The Special of the Day… From the Orange Moon Cafe
"The Director of History"
Throughout human history, weak men known as dictators have sought to exercise power by actions that actually expose their frailty and inadequacy. Because they cannot win hearts and influence minds, tyrants employ the only means at their disposal to execute their will, namely, control
"I have seen the wicked in great power, and spreading himself like a green bay tree. Yet he passed away, and, lo, he was not: yea, I sought him, but he could not be found" (Psalm 37:35-36).
Conversely, the greatest Ruler of all does not require absolute control to fulfill His will. The living and true God "worketh all things after the counsel of His own will" amid the choices of millions of beings who act against His will. "The wicked is snared in the work of his own hands (Ephesians 1:11; Psalm 9:16). Human and fallen angelic beings deny God's Lordship, acting in defiance of the One who made and sustains their very existence. The Lord nevertheless fulfills purposes that shine all the more brightly because He executes His will amid the seeming complication of those who refuse to cooperate. As Joseph told his brothers who had wickedly sold him into slavery, "Ye thought evil against me. But God meant it unto good" (Genesis 50:20).
Consider the greatest example of the truth we consider, the cross of Calvary. Was it the sin of devils and human beings? Absolutely. "The prince of this world cometh… Ye have taken, and by wicked hands have crucified and slain" (John 14:30; Acts 2:23). Was it also the righteousness of God in sending His Son to the cross, fulfilling His eternal purpose and providing redemption to all who will believe? Absolutely, "by the determinate counsel of God." Without determining the wickedness of the cross, which Scripture states He cannot do because of His perfectly moral character, our Heavenly Father nevertheless fulfilled His righteous and redeeming purpose in Christ (II Samuel 22:31; James 1:13; John 3:17). Thereby, God executed His purpose according to His eternal counsel, while at the same time not controlling the wicked hands that unwittingly served His purpose.
We waste not a moment considering how such a seeming enigma operates in terms of eternity working within the confines of space and time. We spend much time in falling to our faces before the One who does not require the dictatorial control of all things to successfully coordinate all things for the glory of the Lord Jesus. Only weak, tawdry, and doomed dictators seek absolute control, sealing their destiny to crash on the rocks of catastrophic failure. The living and true God requires no such intimidation, suppression, and oppression. He does not have to dictate in order to direct all things for the successful fulfillment of His eternal purpose in the Lord Jesus. As the Apostle Paul declared of such wondrous execution, fulfilled amid so much opposition, "O the depth of the riches both of the wisdom and knowledge of God! How unsearchable are His judgments, and His ways past finding out!" (Romans 11:33).

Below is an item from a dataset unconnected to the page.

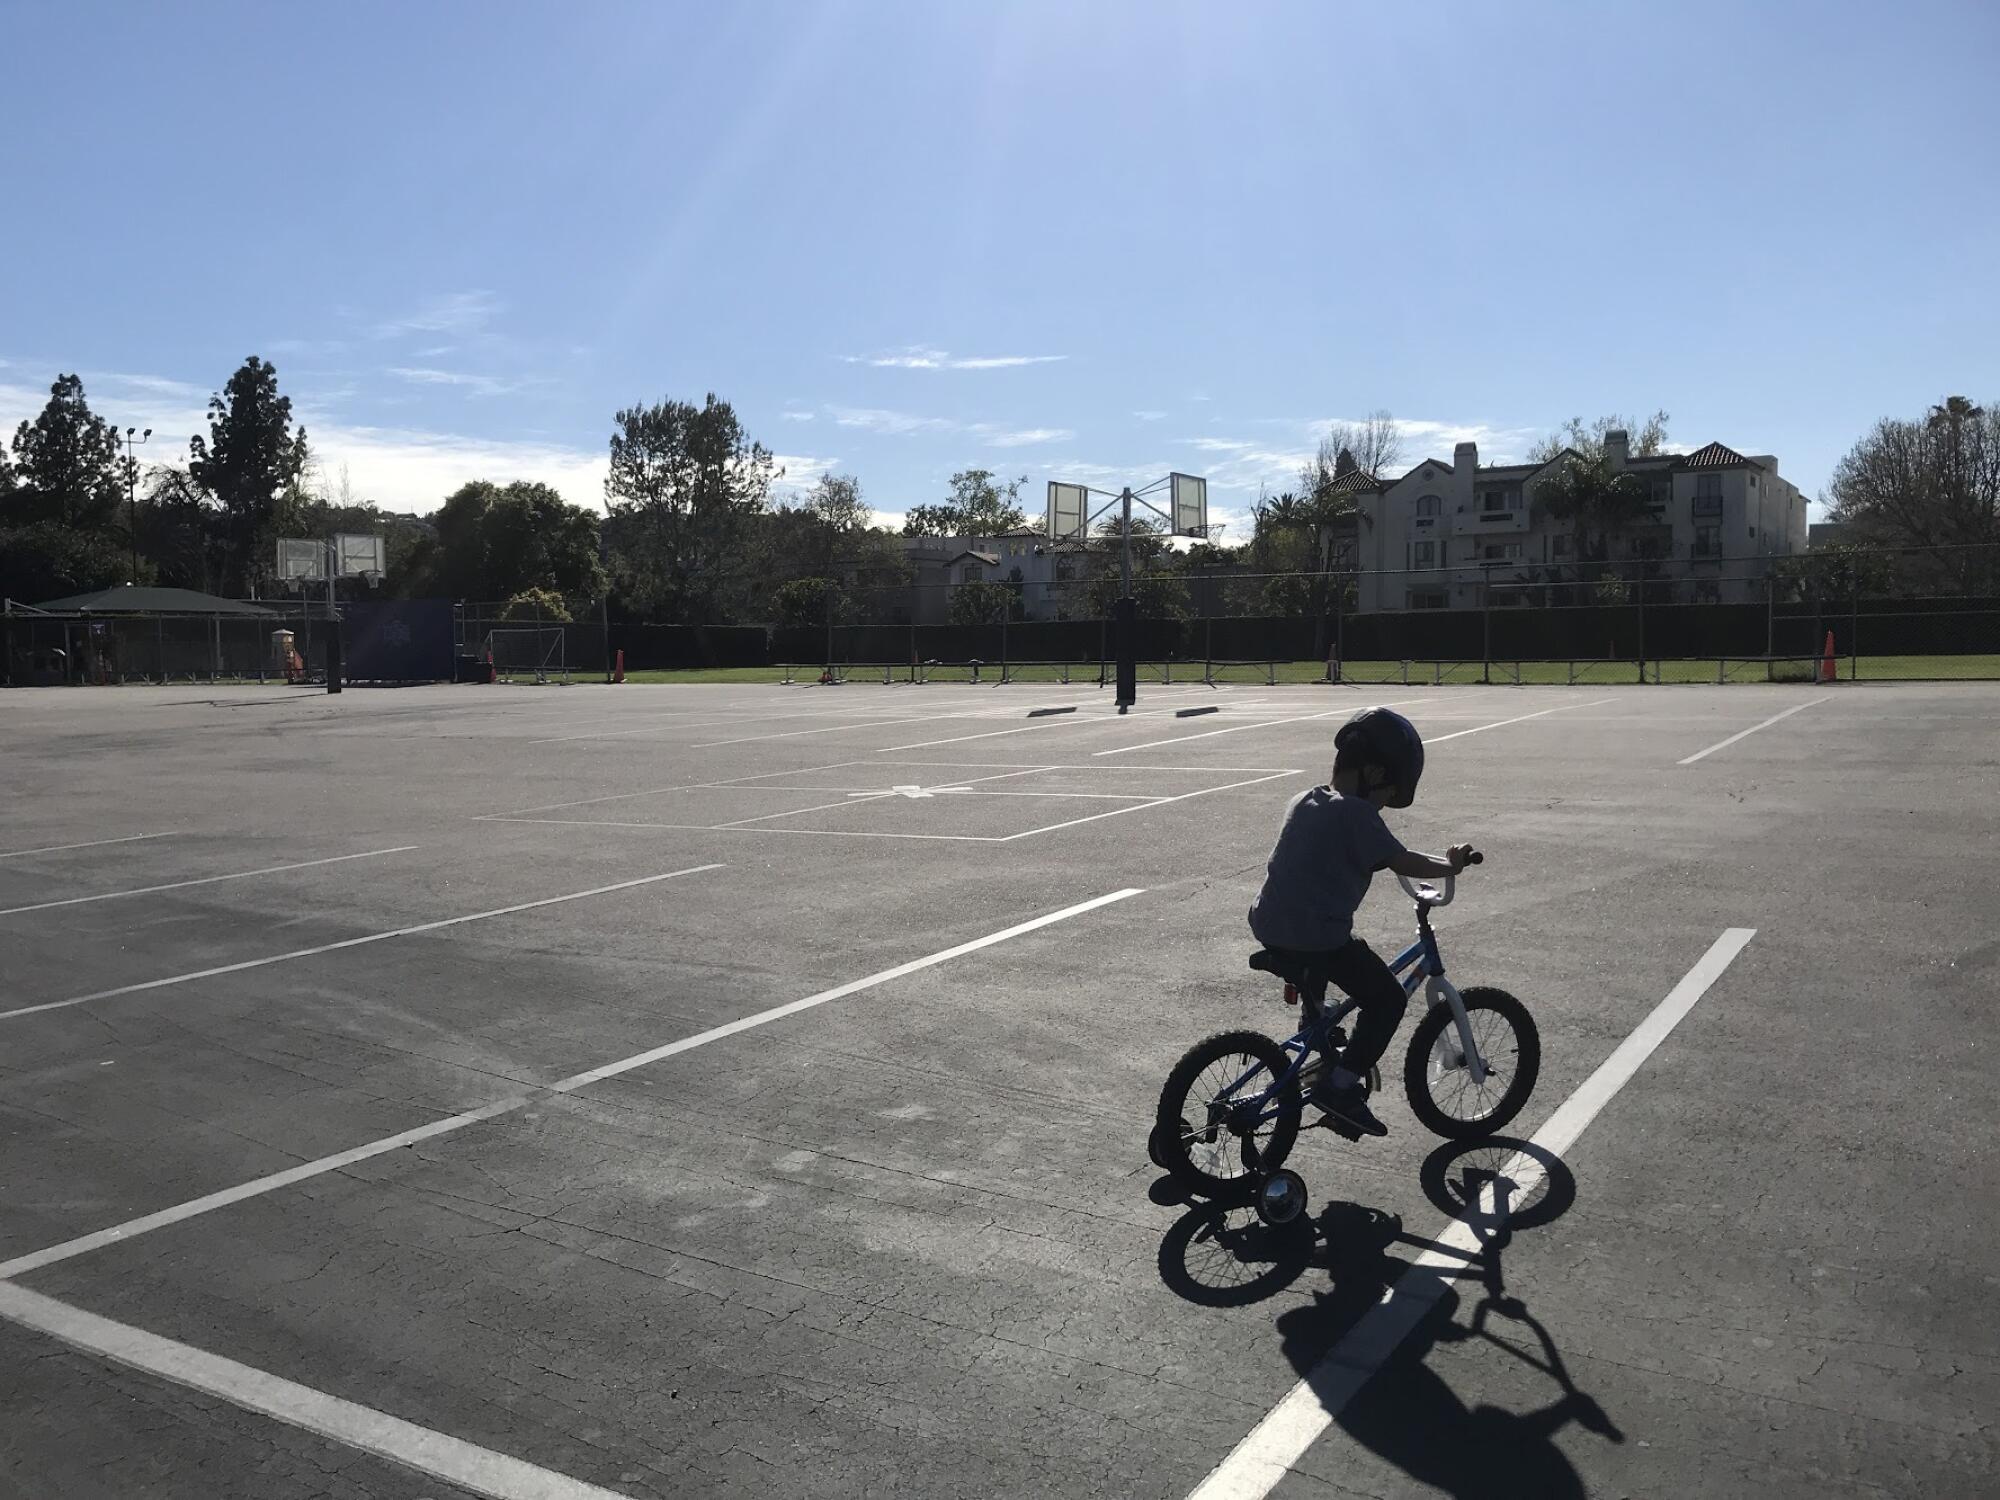  Boy riding his bike in a secluded parking lot

Presently we wonder, "Lord, how do You do this?!" Perhaps in eternity, we will ask, "Lord, how did You do that?!" The answer will likely be the same in both epochs: "You would not understand even if I tried to tell you!" In this life and forevermore, we fall to our faces before the God who can be known, and whose ways can be understood to a degree. Much, however, will eternally remain a mystery, particularly the wonder of how a perfectly righteous God works out His purpose in Christ amid unrighteousness. The weak and pathetic dictators of history stand in stark contrast to the Director of history so glorious in wisdom, power, and involvement that He inevitably, invariably, and inexorably fulfills "the eternal purpose which He purposed in Christ Jesus our Lord" (Ephesians 3:11).
I met a traveller from an antique land, who said,
Two vast and trunkless legs of stone stand in the desert.

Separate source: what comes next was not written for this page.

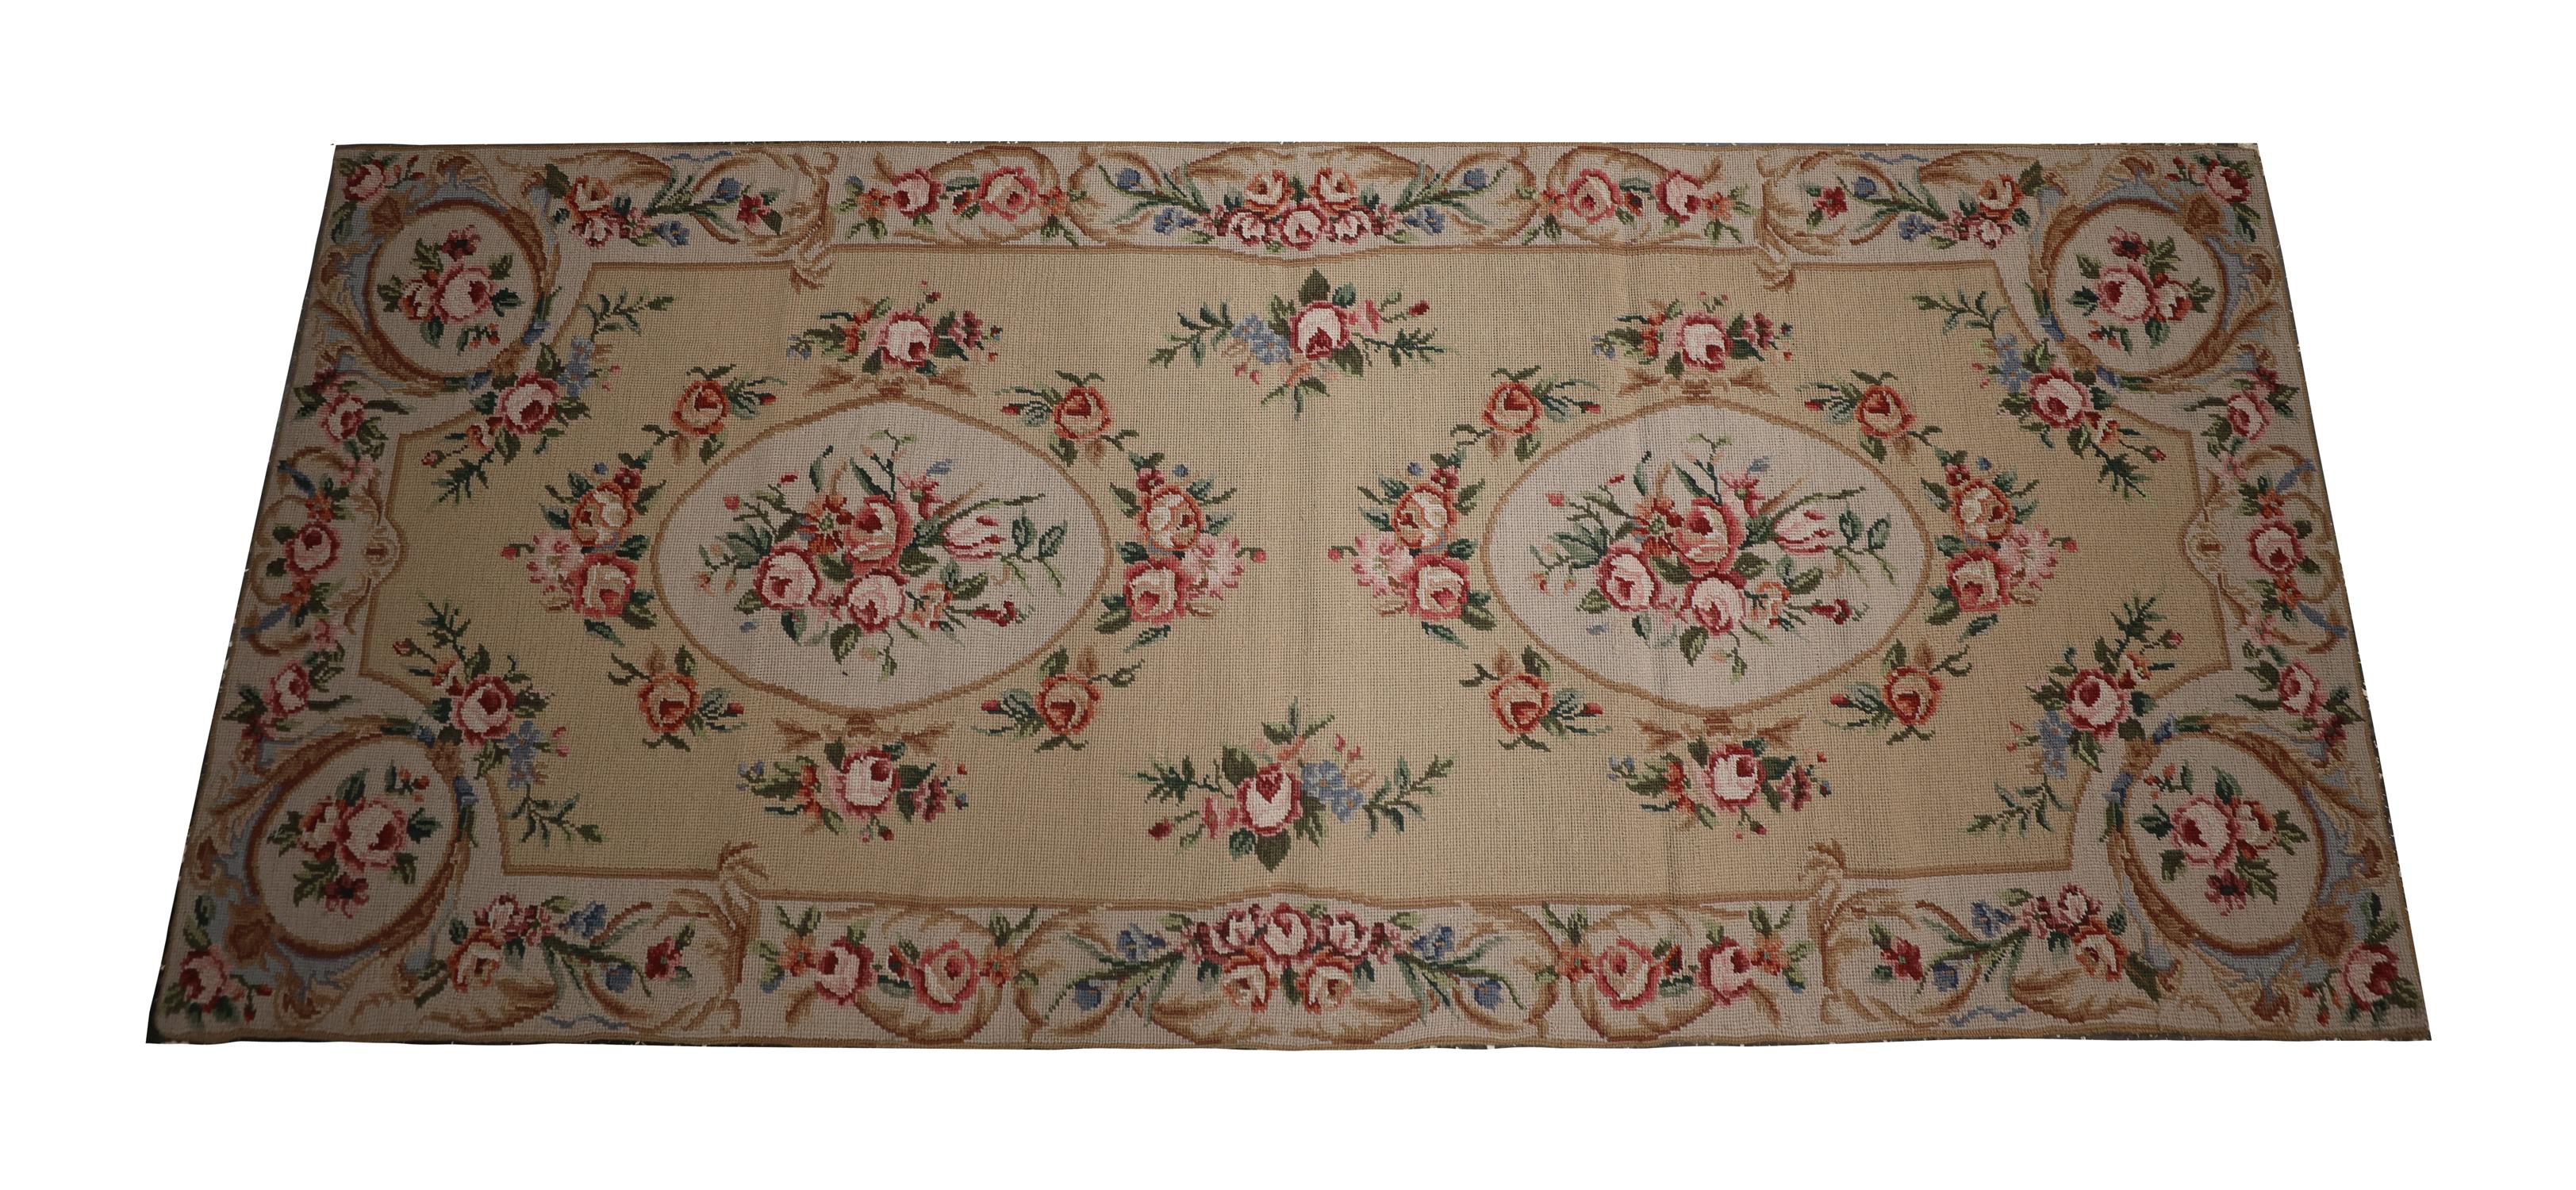 This elegant needlepoint rug was woven by hand in the early 21st century, using traditional techniques and materials. The beautiful Aubusson design features two oval, floral medallions woven in accents of pink, ivory and green on a cream repeat

Near them, on the sand, half sunk, a shattered visage lies,
whose frown and wrinkled lip, and sneer of cold command
tell that its sculptor well those passions read
which yet survive, stamped on these lifeless things,
the hand that mocked them and the heart that fed.
And on the pedestal these words appear,
My name is Ozymandias, king of kings.
Look on my works and despair!
Nothing beside remains.
Round the decay of that colossal wreck, boundless and bare,
the lone and level sands stretch far away.
("Ozymandias" - Percy Bysshe Shelley)
"Thou art the God that doest wonders!"
(Psalm 77:14)
Weekly Memory Verse
He is the Rock, His work is perfect, for all His ways are judgment, a God of truth and without iniquity, just and right is He.